Urinalysis Strips are Class II medical devices (FDA-cleared) consisting of plastic strips with multiple reagent-impregnated pads for simultaneous semi-quantitative detection of urine analytes including leukocytes, nitrites, urobilinogen, protein, pH, blood, specific gravity, ketones, bilirubin, and glucose. Results read by visual comparison to color chart at specified times (30-120 seconds). Primary clinical applications include routine health screening, urinary tract infection diagnosis, diabetes screening and monitoring, kidney disease assessment (proteinuria), hematuria detection, liver function evaluation, and pregnancy monitoring (preeclampsia screening). Critical safety precautions include proper specimen collection (fresh urine), storage at 15-30°C in original container with desiccant, protection from humidity, reading at exact specified times, awareness of interfering substances (ascorbic acid), and confirmation of abnormal results with quantitative tests. Essential screening tool in primary care, emergency medicine, nephrology, urology, and obstetrics.

Vacutainer (EDTA/PLAIN)

Vacutainer (EDTA/PLAIN) is a sterile, evacuated blood collection tube (lavender/purple top) containing EDTA anticoagulant (K2EDTA or K3EDTA, 1.5-2.0 mg/mL blood) for hematology, blood banking, flow cytometry, and molecular diagnostics. Available in draw volumes 2-10 mL, glass or PET plastic, with color-coded stopper and sterile interior. EDTA chelates calcium, preventing coagulation while preserving cellular morphology. Primary clinical applications include complete blood count (CBC) and differential, blood typing and antibody screening (ABO/Rh, Coombs), hemoglobin A1c (HbA1c) testing, flow cytometry and immunophenotyping (CD4 counts), molecular diagnostics and PCR testing, sickle cell screening and hemoglobin electrophoresis, and parasitology (malaria smears). Critical safety precautions include filling to completion (correct blood-to-additive ratio), gentle inversion 8-10 times immediately after collection, never using for chemistry or coagulation testing, and proper disposal as biohazardous waste. Essential collection tube for hematology and immunohematology.

VDRL Test For Syphilis

The VDRL Test For Syphilis (Venereal Disease Research Laboratory) is a Class II medical device (FDA-cleared) non-treponemal flocculation test for qualitative and quantitative detection of reaginic antibodies in serum or cerebrospinal fluid, used for syphilis screening, diagnosis, and treatment monitoring. The test uses an antigen mixture (cardiolipin, cholesterol, lecithin) that reacts with antibodies, forming visible clumping (flocculation) in positive samples. Results are reported as reactive/non-reactive with quantitative titers (e.g., 1:2 to 1:256).
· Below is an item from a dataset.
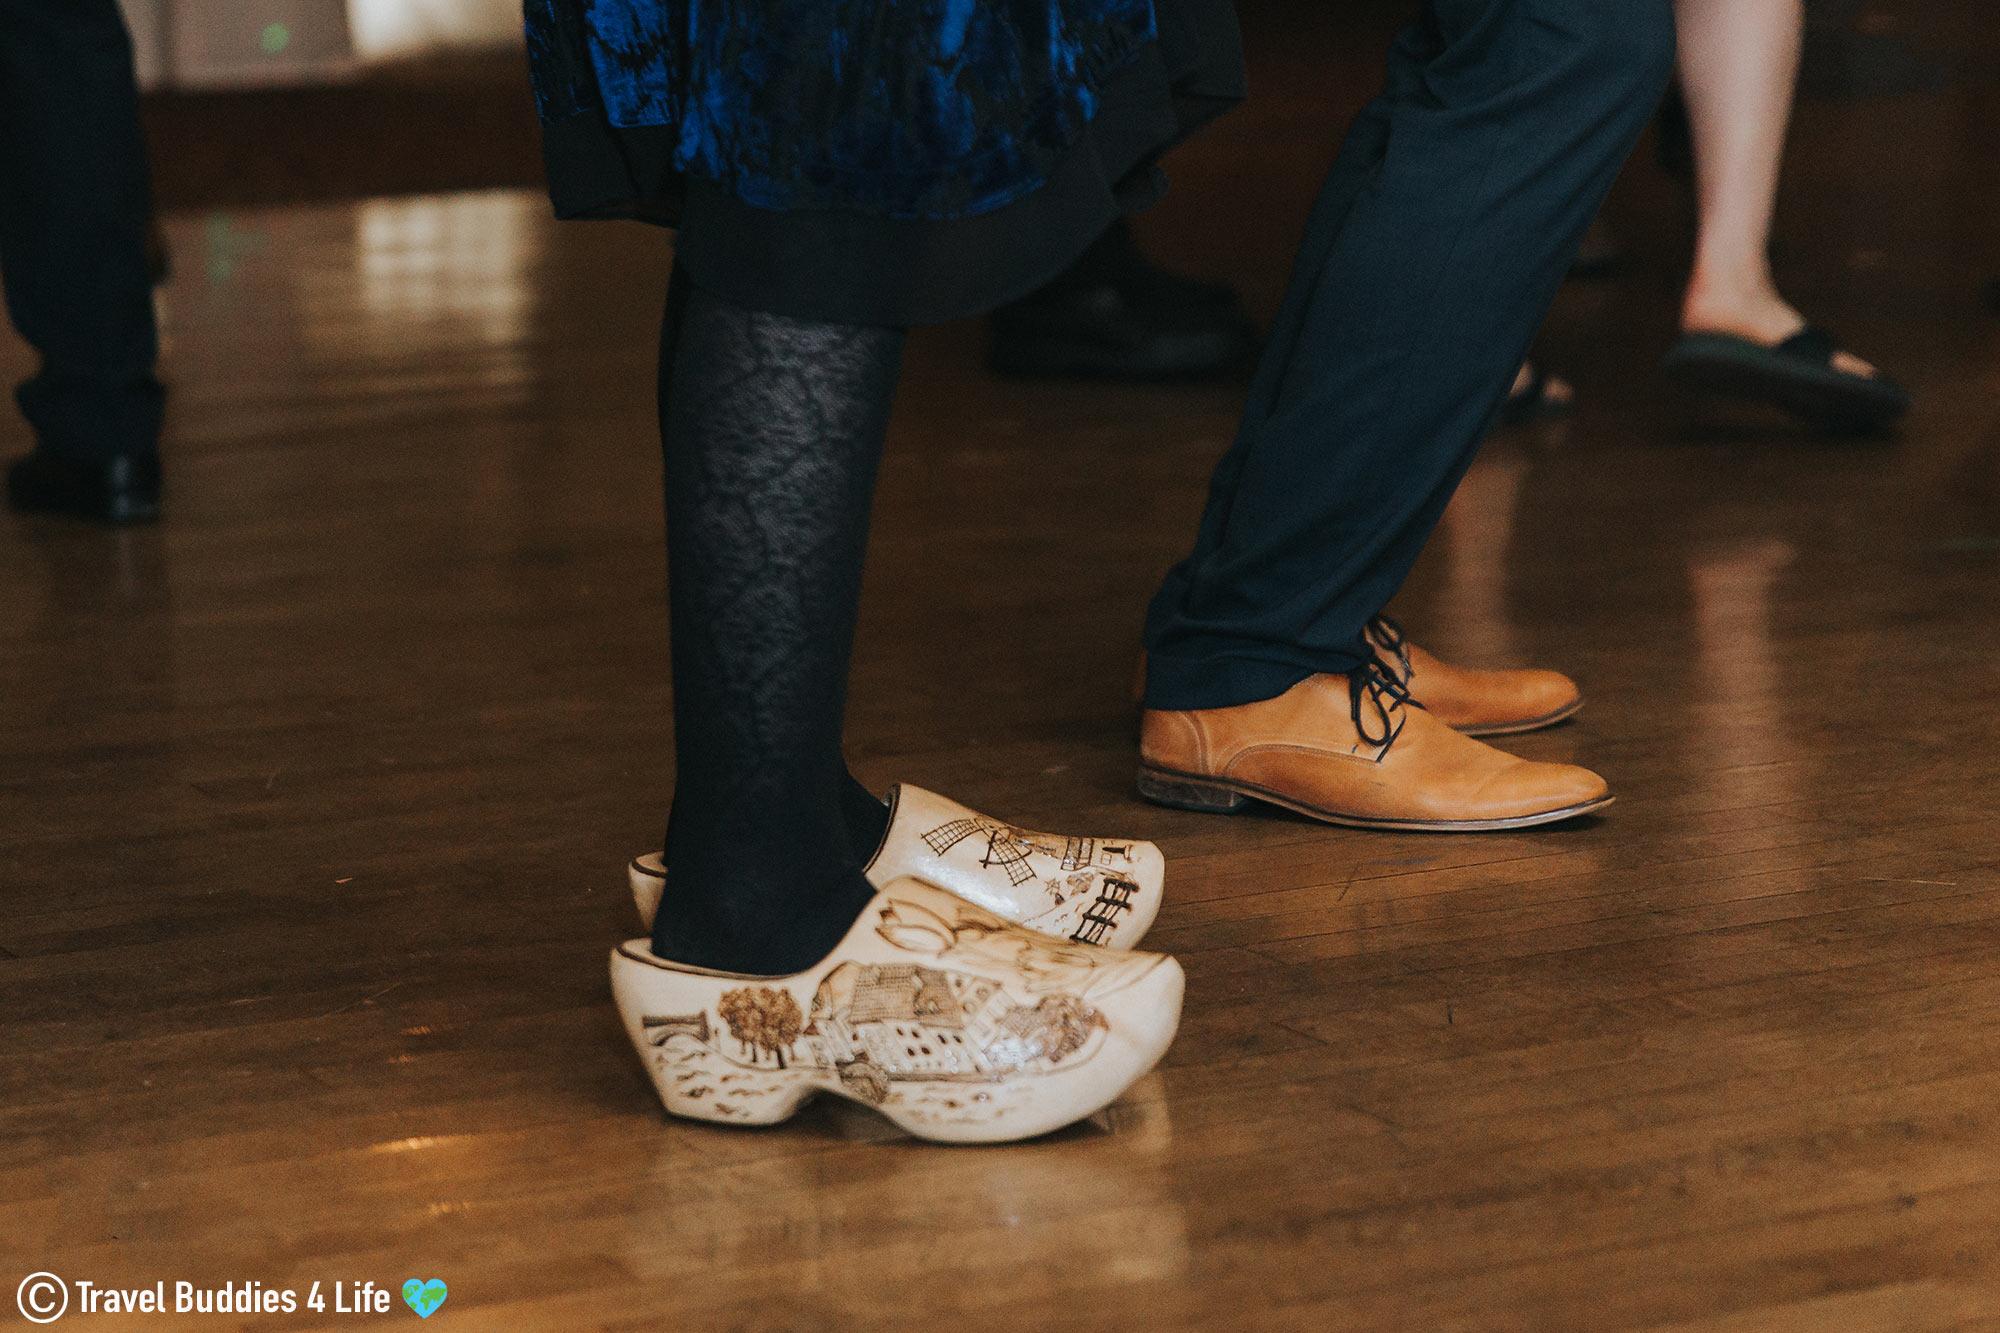 Dutch Wooden Wedding Clogs On The Feet Of A Dancer In Canada

Primary clinical applications include initial screening for syphilis infection, confirmation of active syphilis (with treponemal tests), monitoring treatment response (fourfold titer decrease indicates cure), diagnosis of neurosyphilis (CSF testing), prenatal screening for congenital syphilis prevention, screening in high-risk populations (MSM, HIV-positive, multiple partners), and blood donor screening. Critical safety precautions include confirmation of all reactive results with treponemal tests (TPPA, FTA-ABS), awareness of false positives (pregnancy, autoimmune disease, viral infections), proper specimen handling (universal precautions), refrigerated storage of reagents (2-8°C), and mandatory reporting of reactive results to public health authorities. Essential test for syphilis control and congenital syphilis prevention worldwide.